Every category for each variable should have a category key.
The category keys can be specified as a CSV file with three columns,
variable name
,category code
andcategory key
.The category keys should have a value between 1 and 65535.
The category key file should have entries for all variables that represent columns in the microdata.
Entries for mapped variables (with a single source variable) can either be specified in the category keys file or derived by summing the category keys for the contributing source categories. If the dataset contains mapped variables then a method for determining the category keys must be specified in the configuration file.
If the dataset contains multivariate mappings then a method for determining the category keys must be specified in the configuration file.
Alternatively Cantabular can be configured to generate random category keys.
The category key file supplied with the example microdata dataset is shown below.
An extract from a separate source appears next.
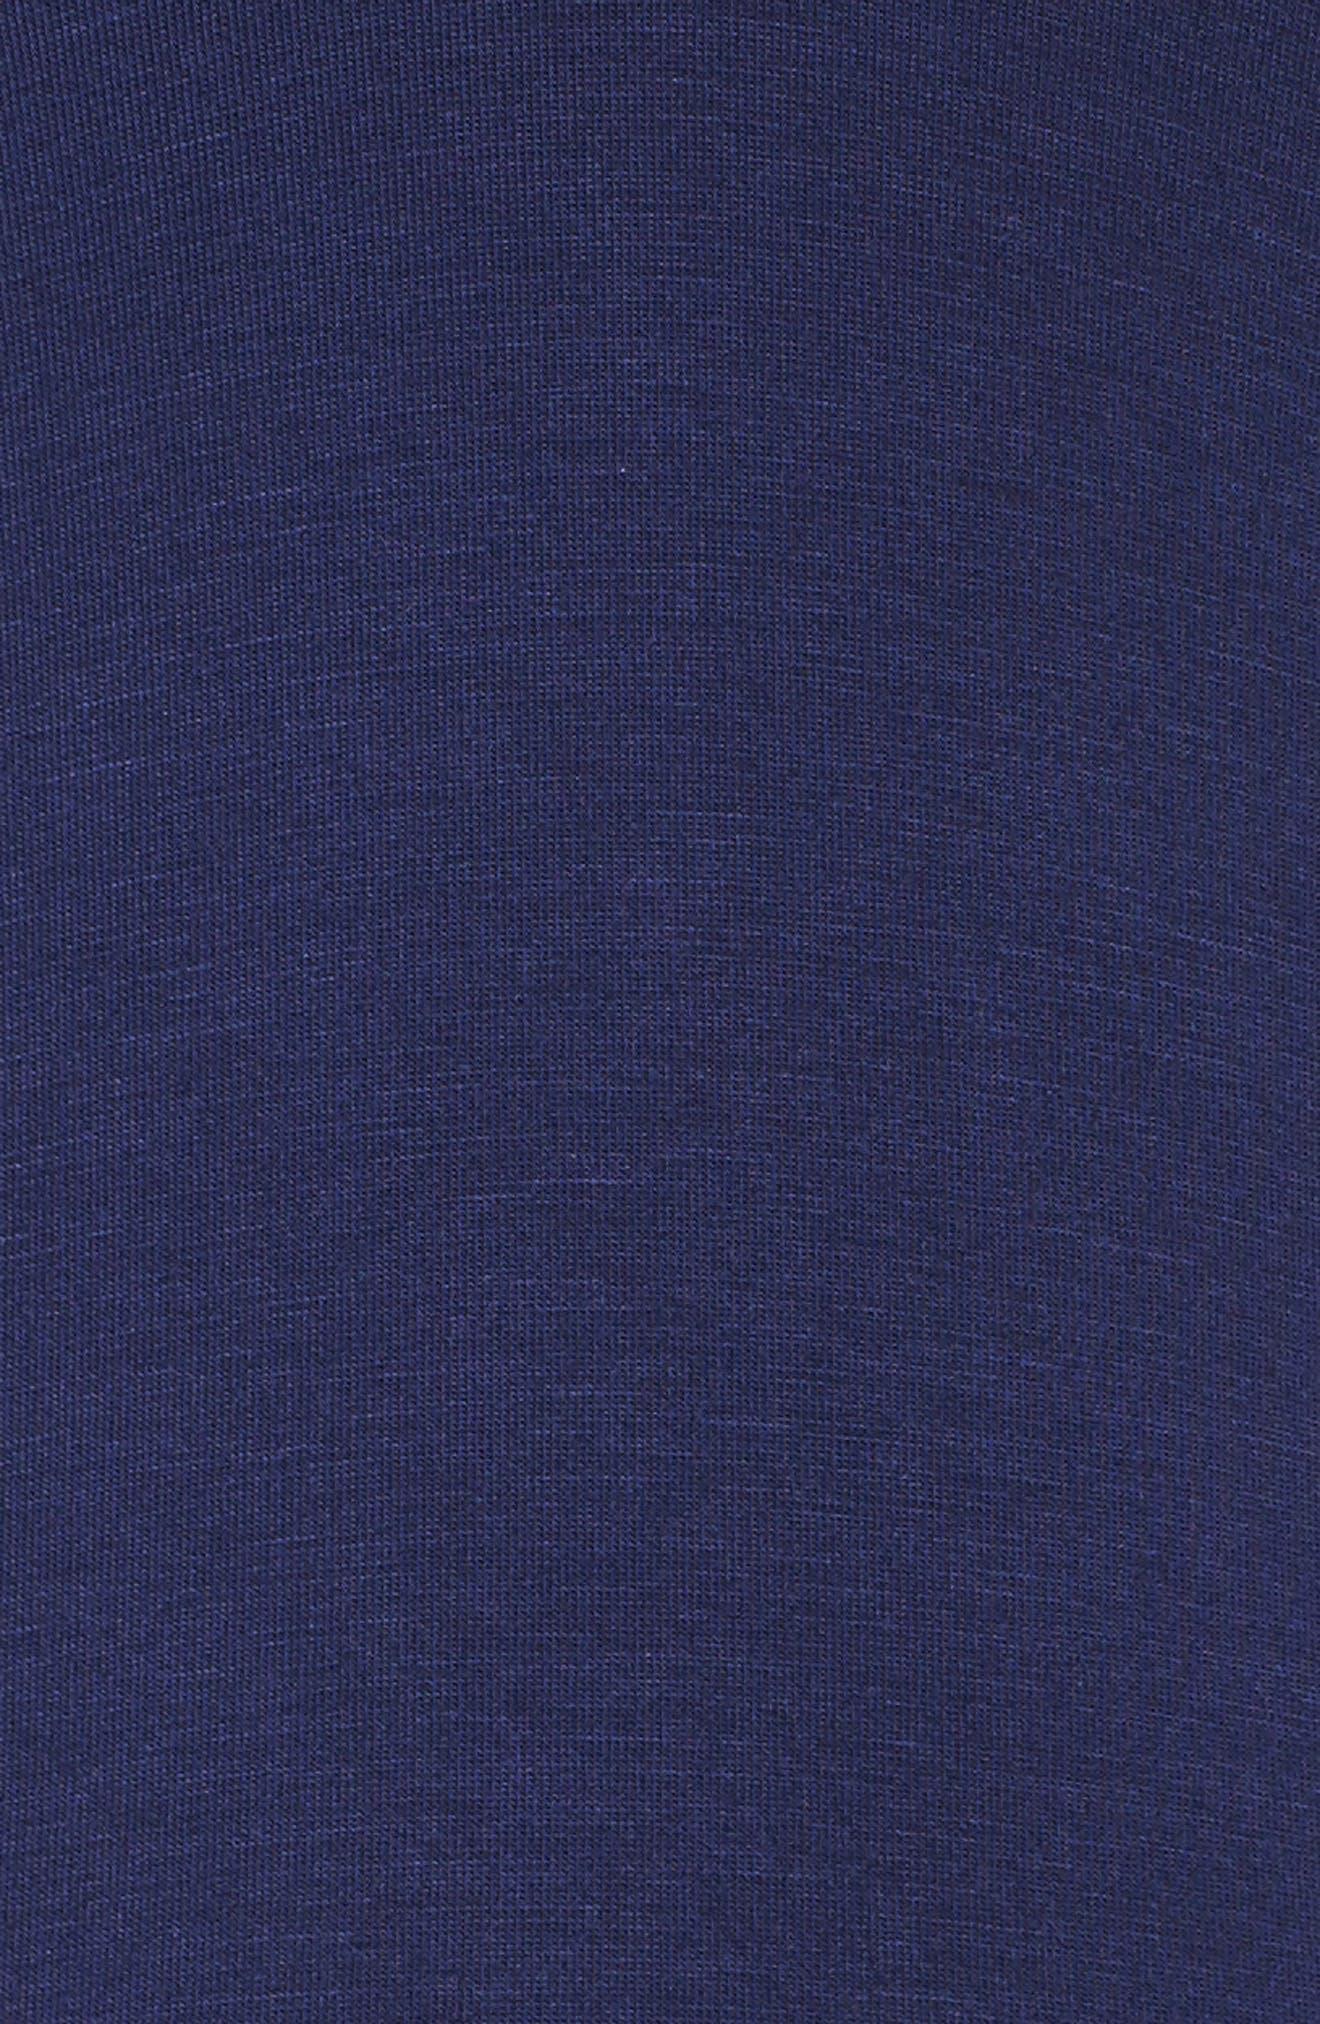 Cold Shoulder Maxi Dress,                             Alternate thumbnail 5, color,

example/src/microdata/catkeys.csv
:
variable name,category code,category key
city,0,23898
city,1,53015
city,2,10564
sex,0,60090
sex,1,50310
siblings,0,7126
siblings,1,20954
siblings,2,27394
siblings,3,2003
siblings,4,27061
siblings,5,18056
siblings,6,36261
Structural zeros variables¶
An array consisting of the names of rule variables to use as structural zeros variables when performing zero perturbation. The entries are processed in order. Each source of a specified variable uses that variable as the structural zeros variable unless it has already been assigned to a previous entry in the array. Queries on any sources of these variables have zero perturbation applied. An equivalent query using the appropriate structural zeros variable is used to determine zeros that should not be perturbed.
A base variable cannot be used as a structural zeros variables. Nor can a variable that is a source of another structural zeros variable.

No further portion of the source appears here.